StarSapphire is a collection of projects in the area of scientific data mining focusing on the analysis of data from scientific simulations, observations, and experiments. StarSapphire is a follow-on to the Sapphire scientific data mining project, where we conducted research in algorithms, incorporated this research into software, and applied the software to real-world problems, which, in turn, motivated our research. Our experiences showed that we could use techniques from data mining, machine learning, image and video processing, statistics, and pattern recognition to improve the way in which scientists extract useful information from data.
In the StarSapphire projects, we are leveraging these earlier experiences to address the recent challenges in data-driven modeling and analysis. These challenges are the result of newer types of data, such as data streams, larger volumes of data, such as those resulting from three-dimensional simulations of complex phenomena, and new constraints on the analysis, such as the need for in-situ analysis in exascale systems or real-time analysis for anomaly detection.
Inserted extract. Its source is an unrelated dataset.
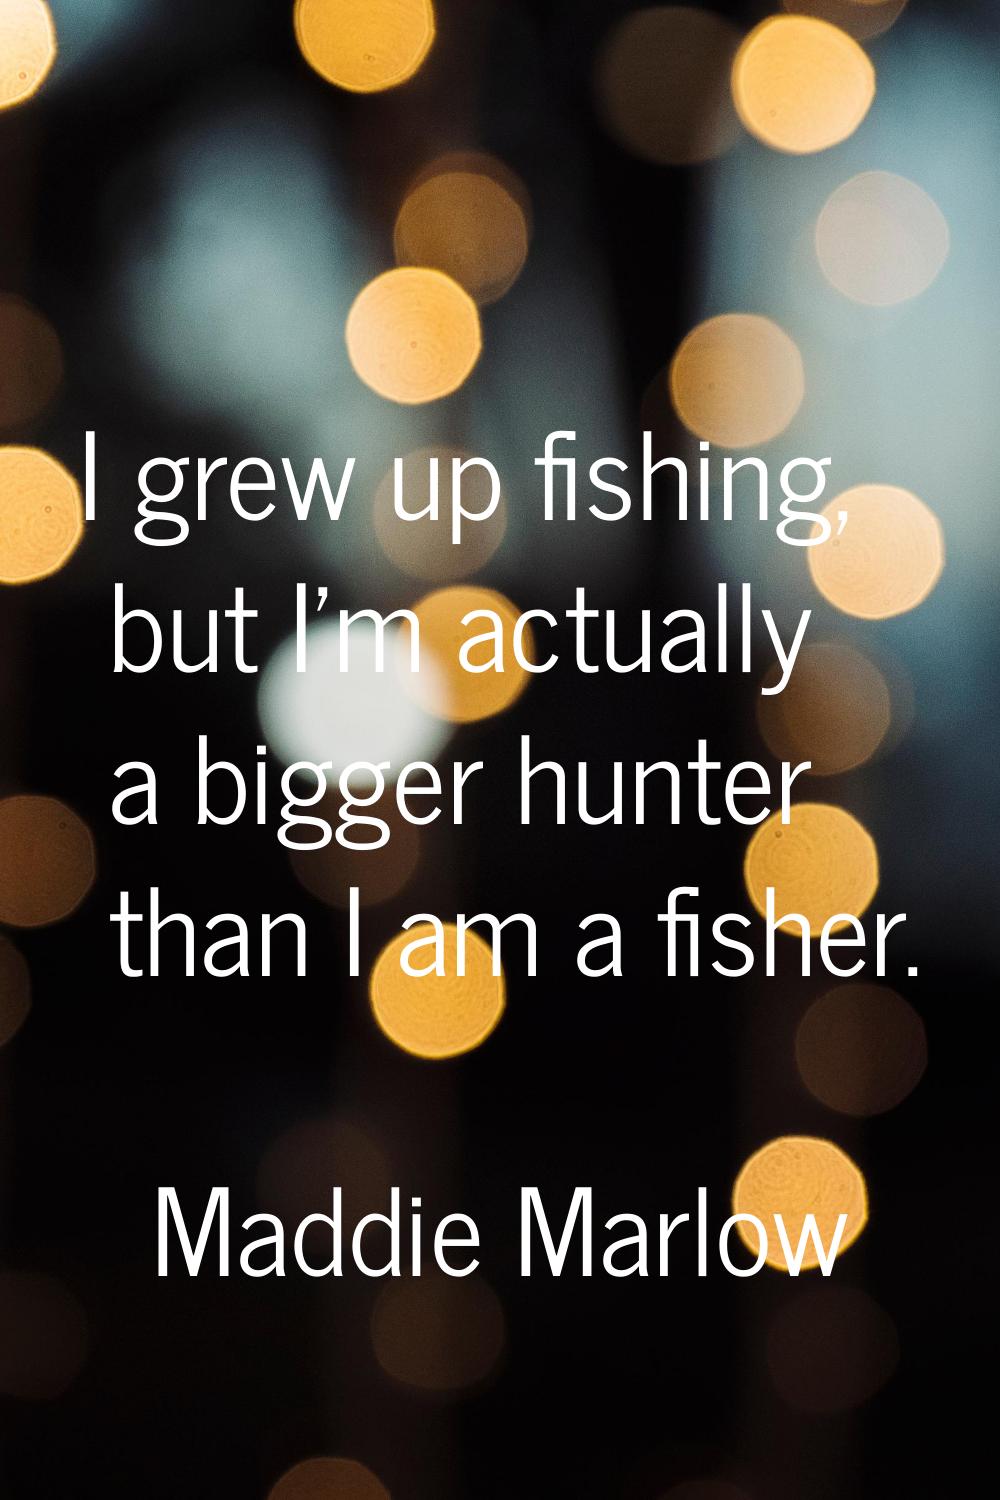 I grew up fishing, but I'm actually a bigger hunter than I am a fisher.

Despite these new challenges, our approach to analysis remains the same as the one we developed and used in Sapphire (shown in Figure 1). This approach worked very well in the analysis of data from a variety of problems in many different domains. We found that it was important to consider scientific data mining as an iterative and interactive process, involving data pre-processing, search for patterns, knowledge evaluation, and possible refinement of the process based on input from domain experts or feedback from one of the steps.
As the pre-processing of the data is a time-consuming, but critical, first step in data mining, we include it as an integral part of the process. The pre-processing is often domain and problem dependent; however, several techniques developed in the context of one problem or domain can be applied to other problems and domains as well. The pattern recognition step is usually independent of the domain or problem.
As part of StarSapphire, we are involved in the following projects:
- Poincaré Plots: Classification and characterization of orbits
- Blob Tracking: Analysis of coherent structures in NSTX images
- GSEP Analysis: Analysis of fluid and particle data from GSEP simulations
- WindSENSE: Managing the integration of wind energy on the power grid
- SensorStreams: Real-time analysis of streaming data from sensors
- MINDES: Data mining for inverse design
- Exa-DM: Enabling scientific discovery in exascale simulations
- IDEALS: Improving data exploration and analysis at large scale
- Additive Manufacturing: Investigating data mining for additively manufactured parts
- Ya Ju Fan (postdoc and staff)
- Mandoye Ndoye (postdoc)
Students and Faculty
- Richelle Coppin, UC Davis, summer 2020
- Ravi Ponmalai, UC Irvine, summer 2019
- Juliette Franzman, UC Berkeley, summer 2019
- Renee Swischuk, Texas A&M, summer 2017
- Jeremy Thompson, Faculty, US Air Force Academy, summer 2014
- Aaron Sisto, CSGF Fellow, Stanford, summer 2013
- Prof George Karypis, University of Minnesota (co-PI on ExaDM, 2011–2014)
- Jeremy Iverson, U Minnesota, summer 2011 and 2012
- Jeremy Kun, U Illinois, Chicago, summer 2012
- Xisen Tian, US Naval Academy, summer 2012
- Seth Kirk, U Kentucky, summer 2011
A star sapphire is a type of sapphire that exhibits a star-like phenomena called asterism due to the presence of titanium dioxide impurities. The star effect results when light reflects from the needle-like inclusions of the impurities aligned perpendicular to the rays of the star. There were several options to name the follow-on project to Sapphire. A programming viewpoint might have called it "Sapphire++", a statistical viewpoint would have resulted in "Sapphire-PLUS", and an image understanding approach would have led to "Sapphire Junior". However, given the data mining focus, it seemed appropriate to name the collection of projects after another gemstone—hence, the choice of StarSapphire.